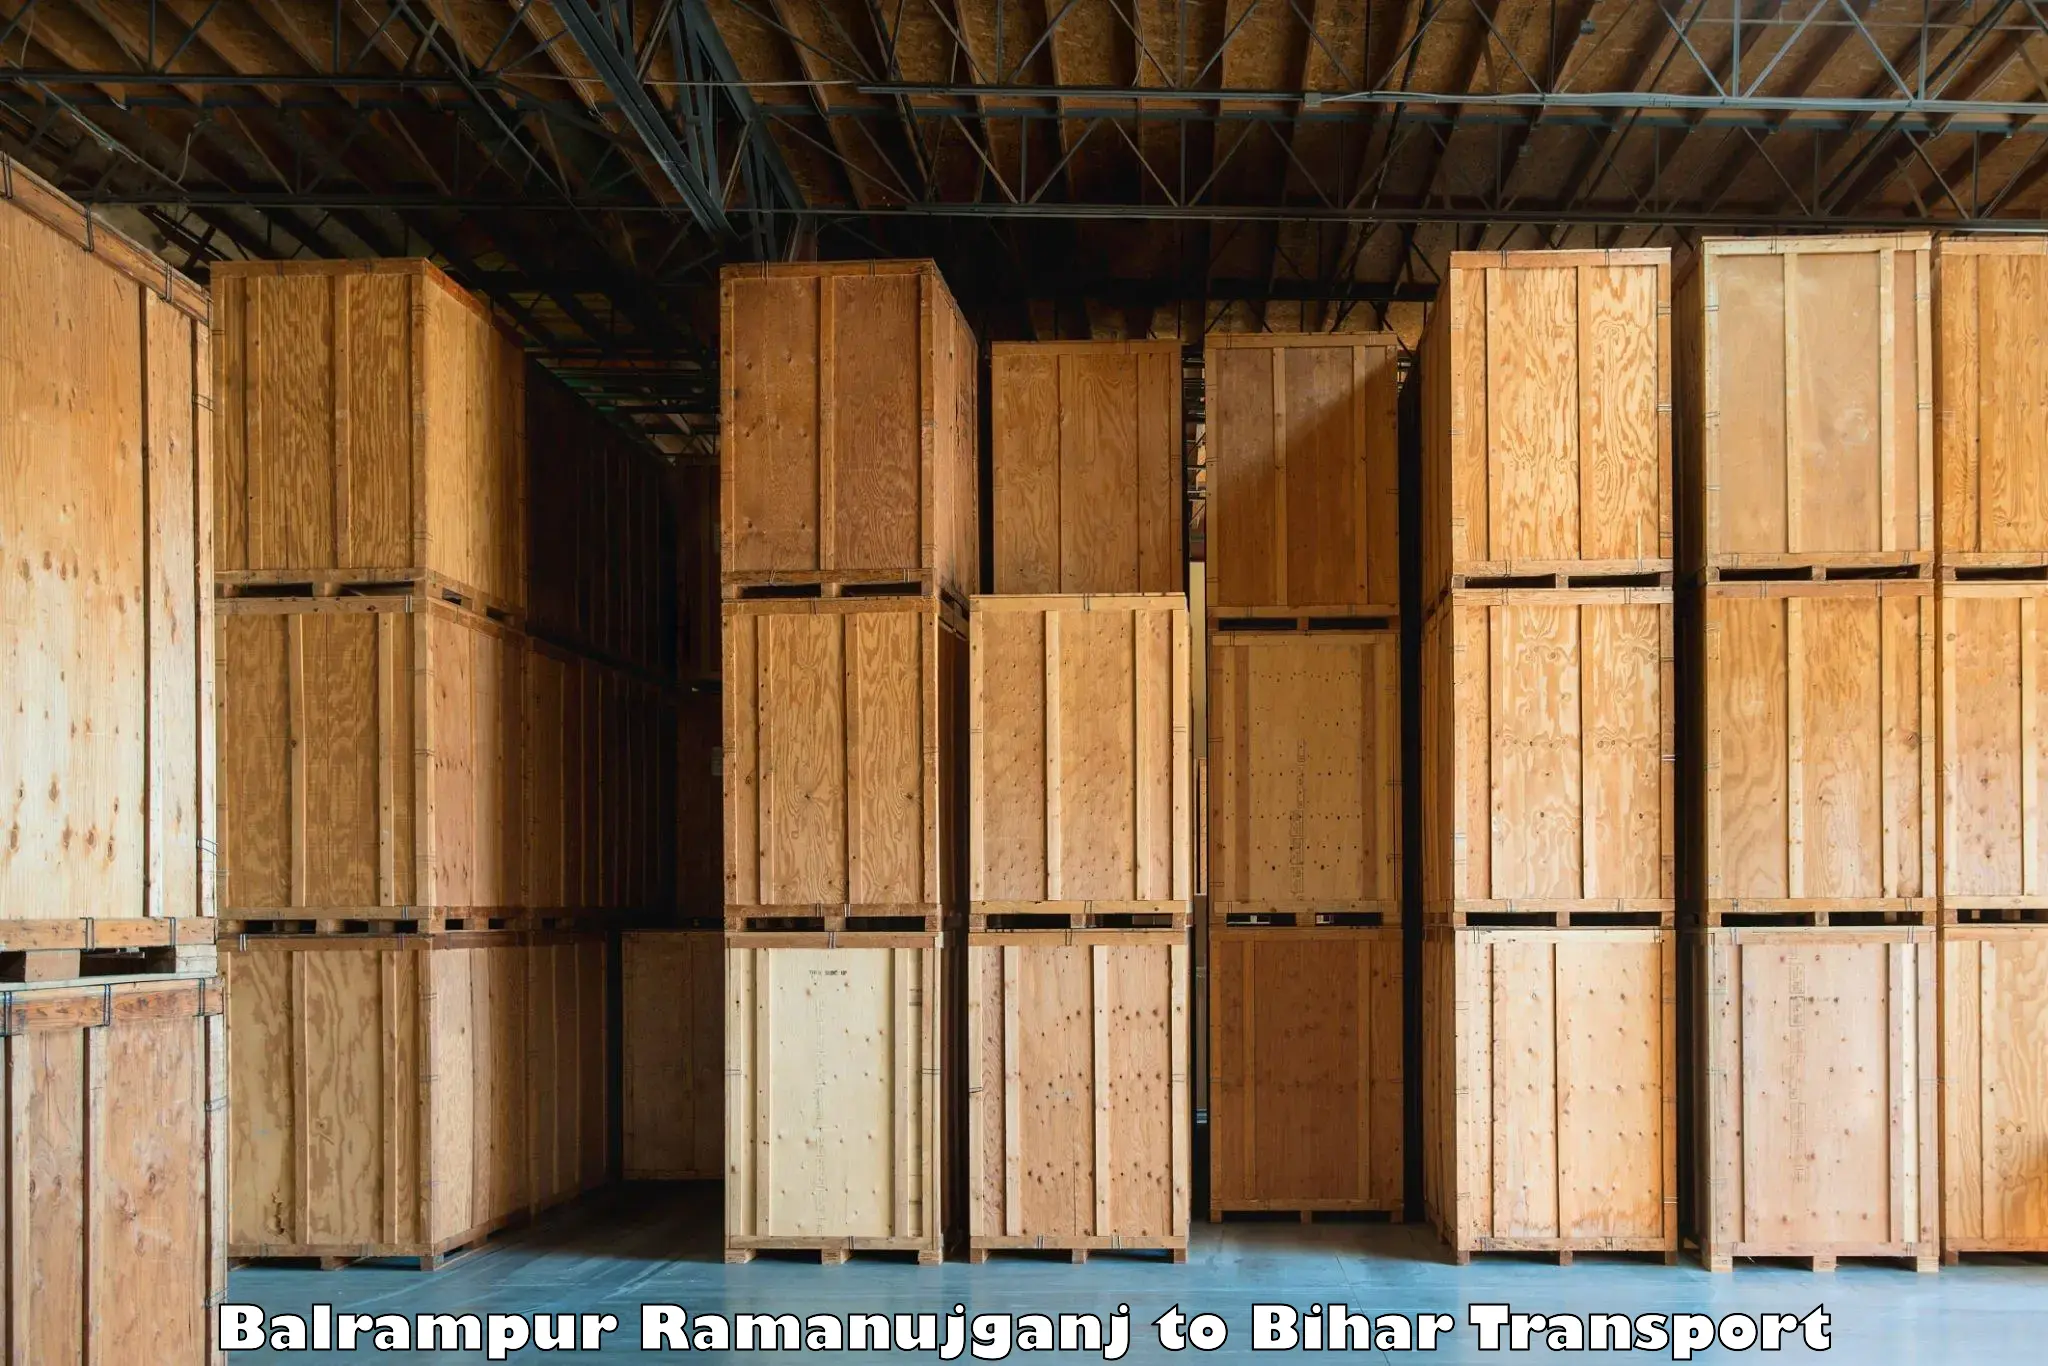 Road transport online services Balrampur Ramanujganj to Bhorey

---

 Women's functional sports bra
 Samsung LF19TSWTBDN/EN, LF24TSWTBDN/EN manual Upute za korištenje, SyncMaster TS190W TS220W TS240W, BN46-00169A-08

==

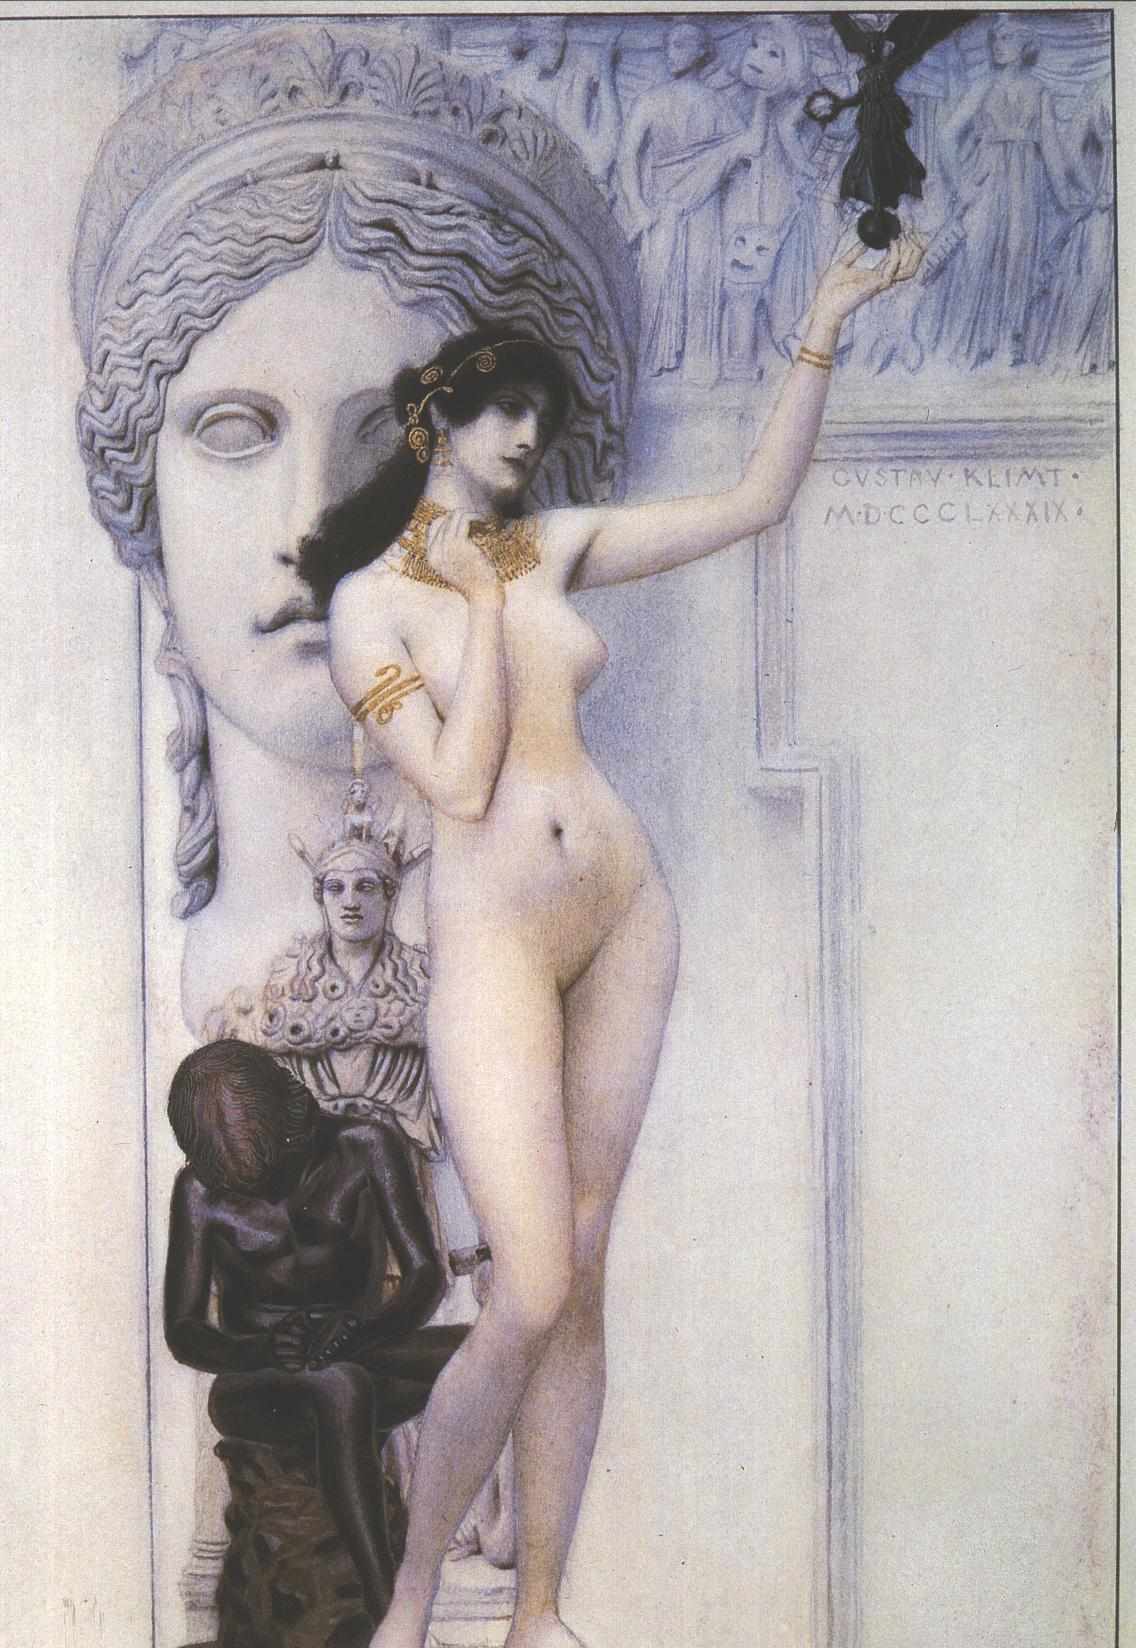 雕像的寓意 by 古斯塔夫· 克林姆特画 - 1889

**PROBLEM:** Copy out, exactly and alone, the lines of the entries above between the ones holding "Women's functional sports bra" and "Samsung LF19TSWTBDN/EN, LF24TSWTBDN/EN", inclusive.

**ANSWER TO THIS EXERCISE:**
 Women's functional sports bra
 Samsung LF19TSWTBDN/EN, LF24TSWTBDN/EN manual Upute za korištenje, SyncMaster TS190W TS220W TS240W, BN46-00169A-08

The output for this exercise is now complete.